WHAT YOU HAVE TO DO — For every line below, output the text exactly and leave out images.

THE DATA —
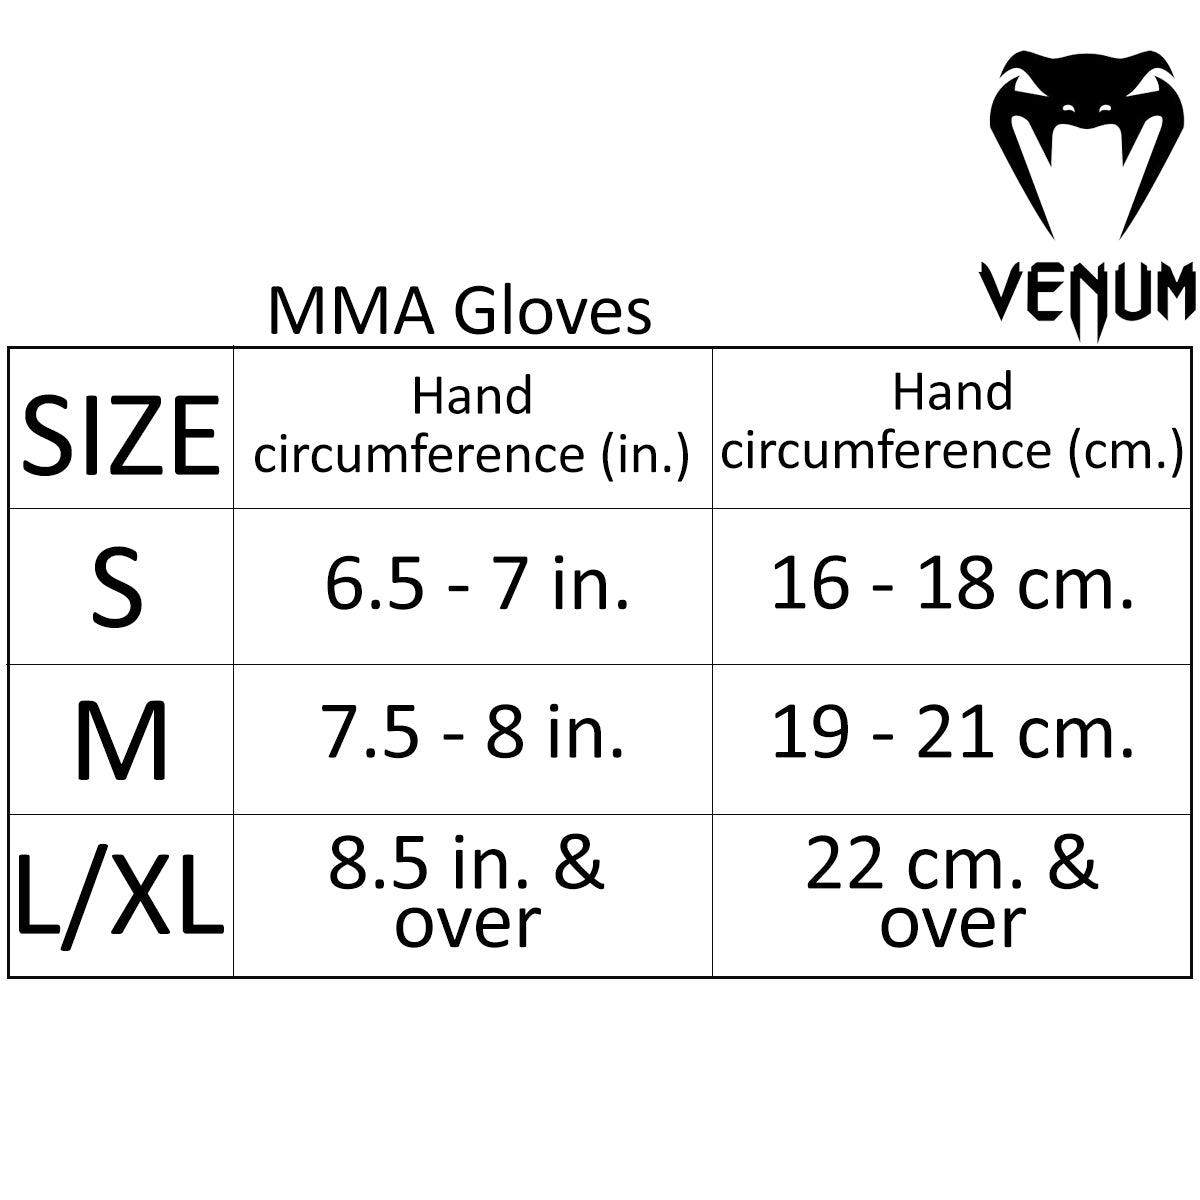 Venum Hyperlift Training Weight Lifting Gloves Venum
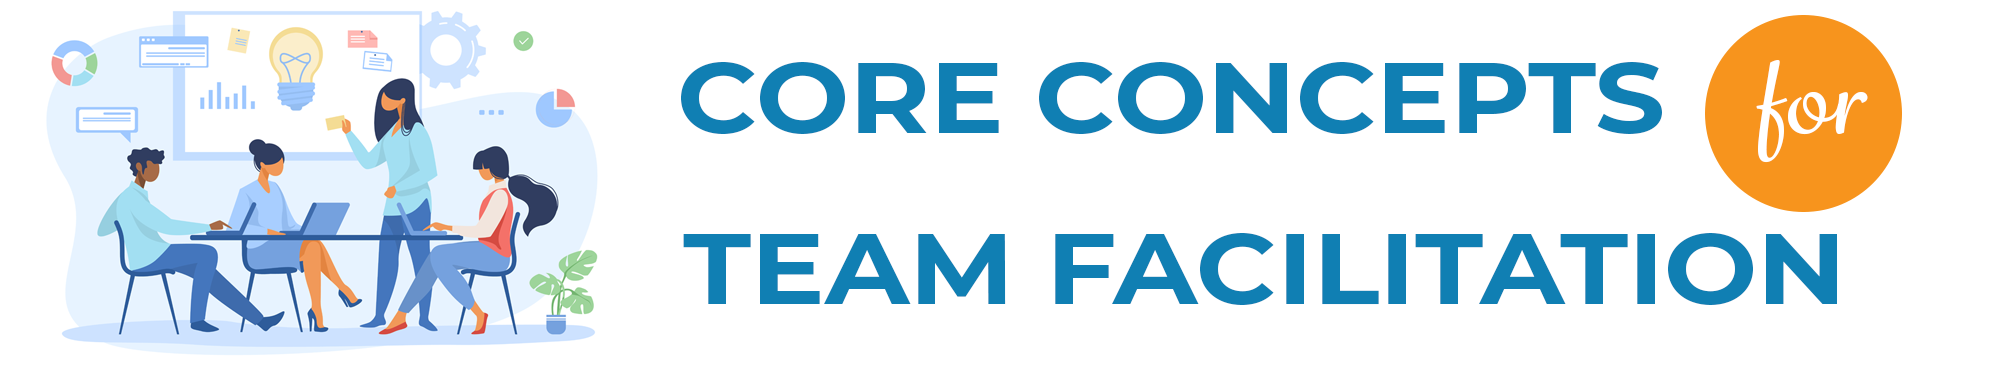 Course title: Core Concepts for Team Facilitation
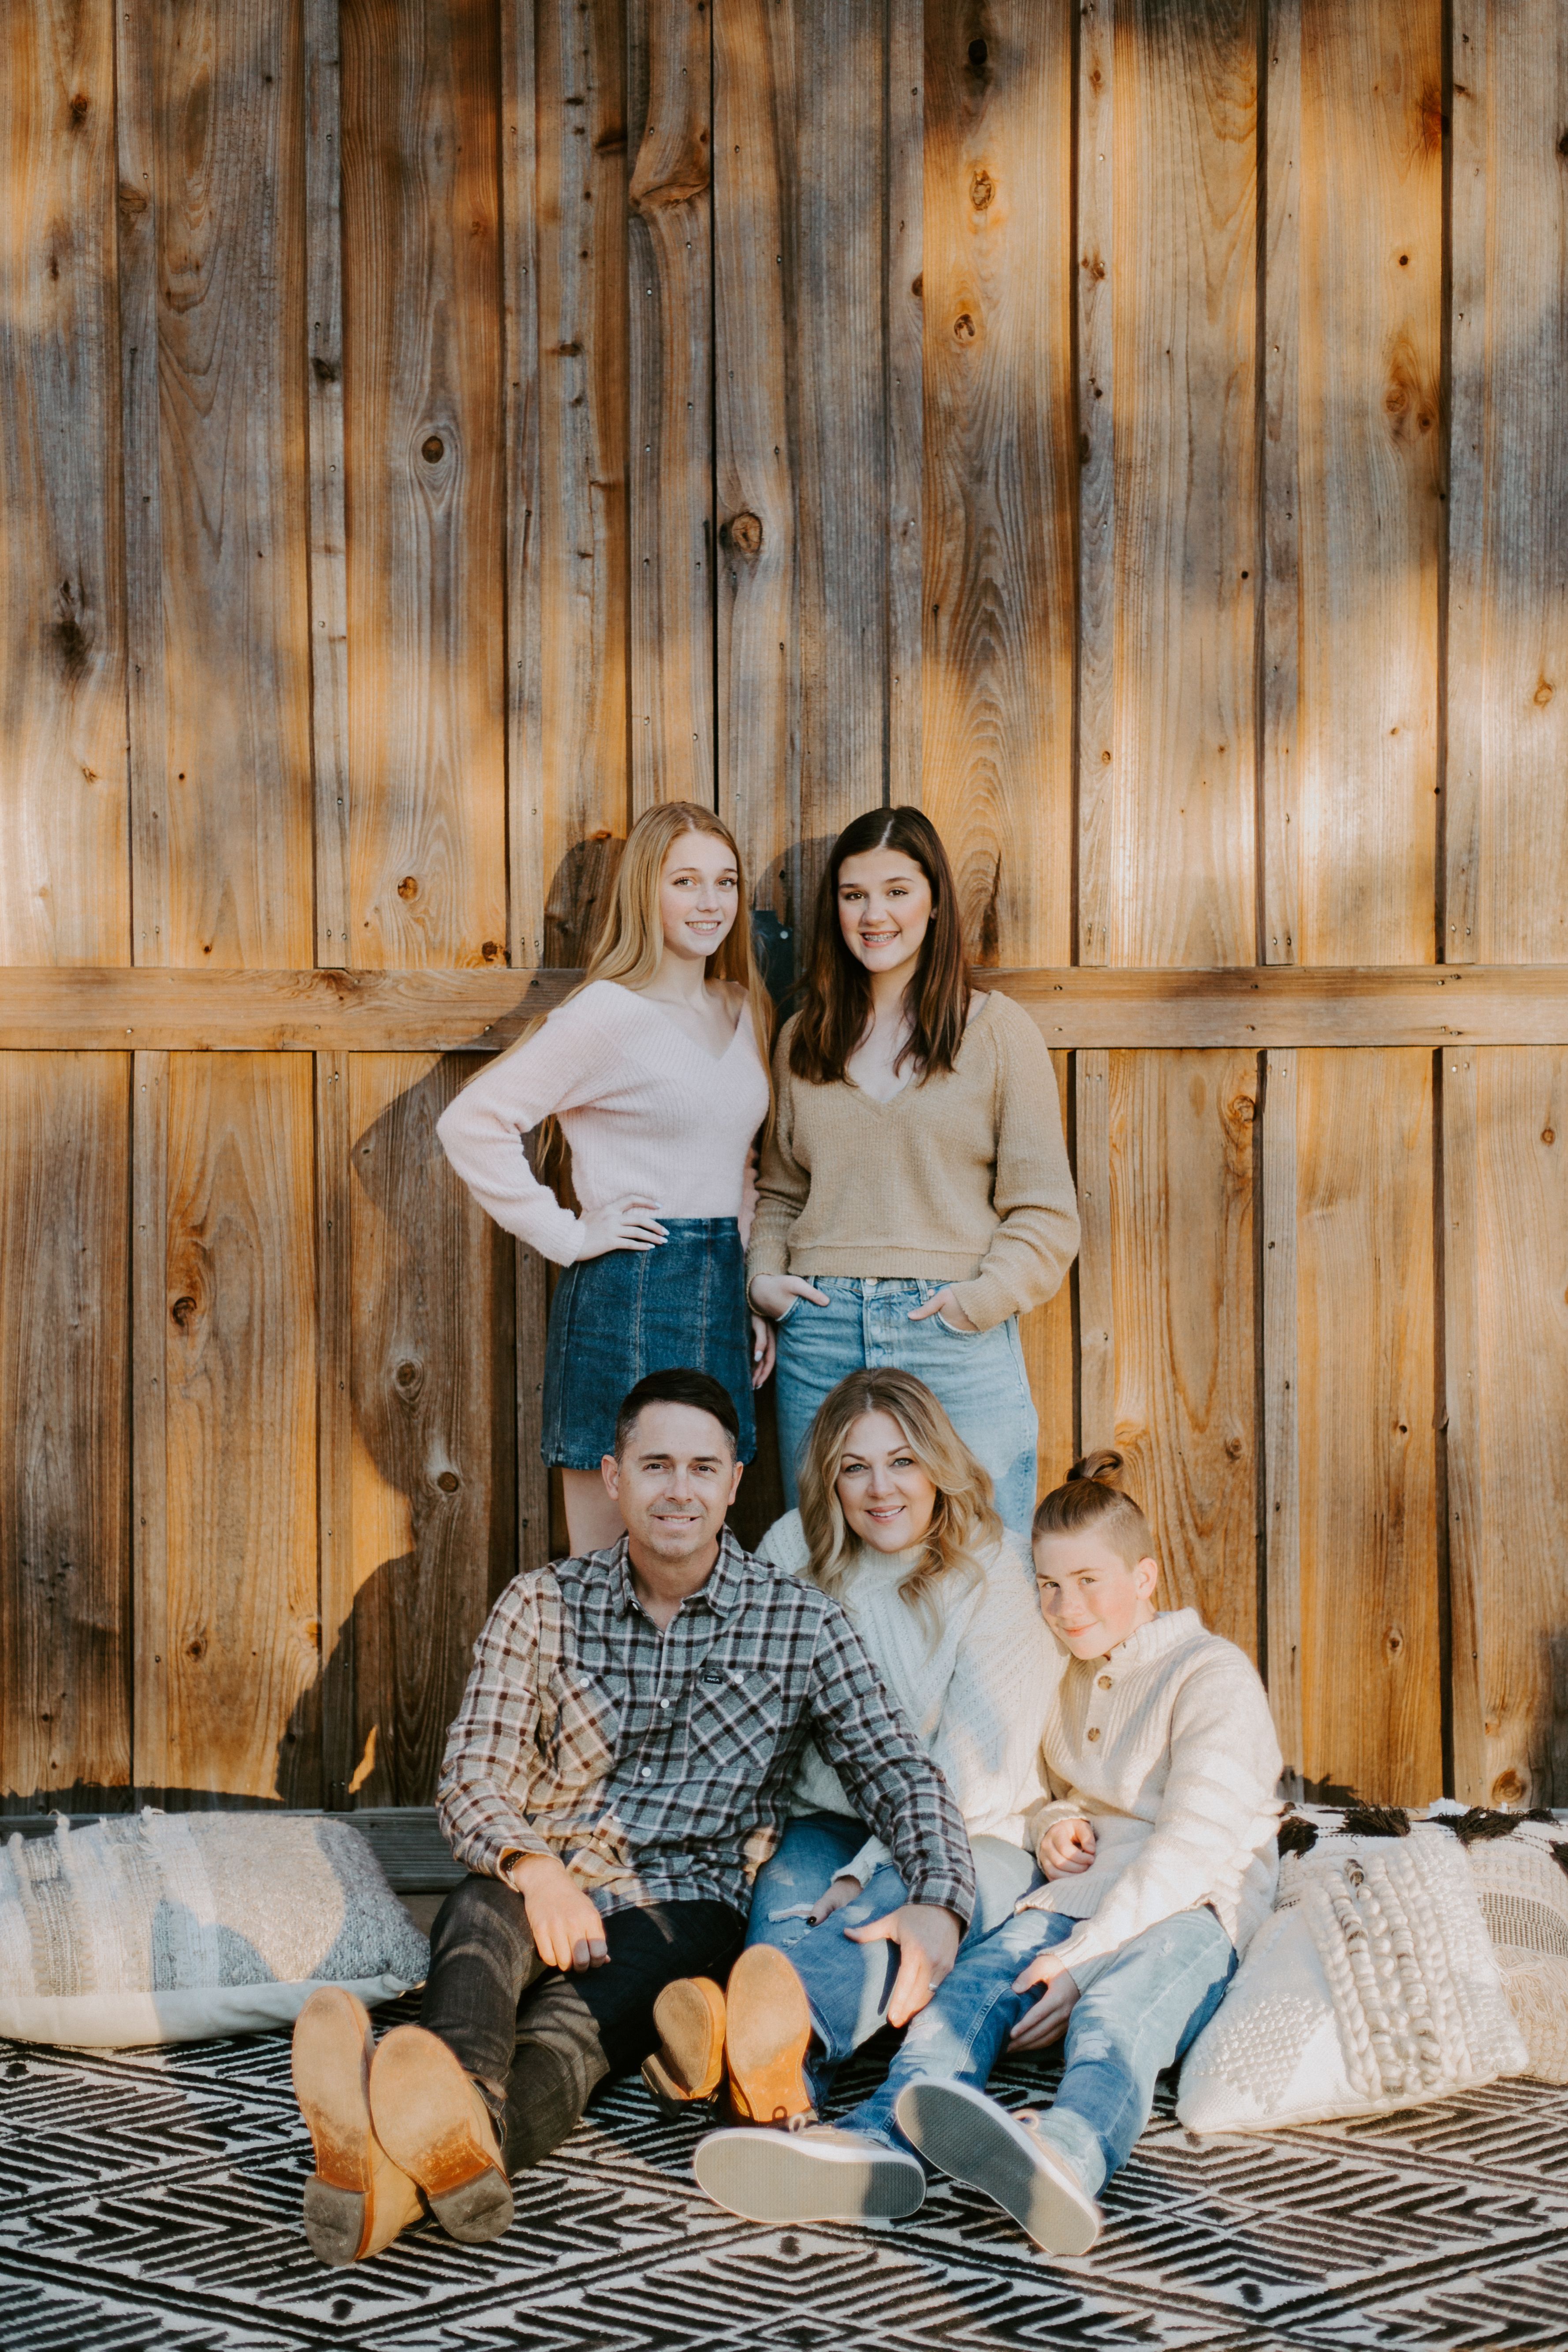 Family Christmas Pictures | Louisiana Portrait Photographer -   16 christmas photoshoot family outdoor barn ideas

COMPLETED TASK —
 Venum Hyperlift Training Weight Lifting Gloves Venum
 Course title: Core Concepts for Team Facilitation
 Family Christmas Pictures | Louisiana Portrait Photographer -   16 christmas photoshoot family outdoor barn ideas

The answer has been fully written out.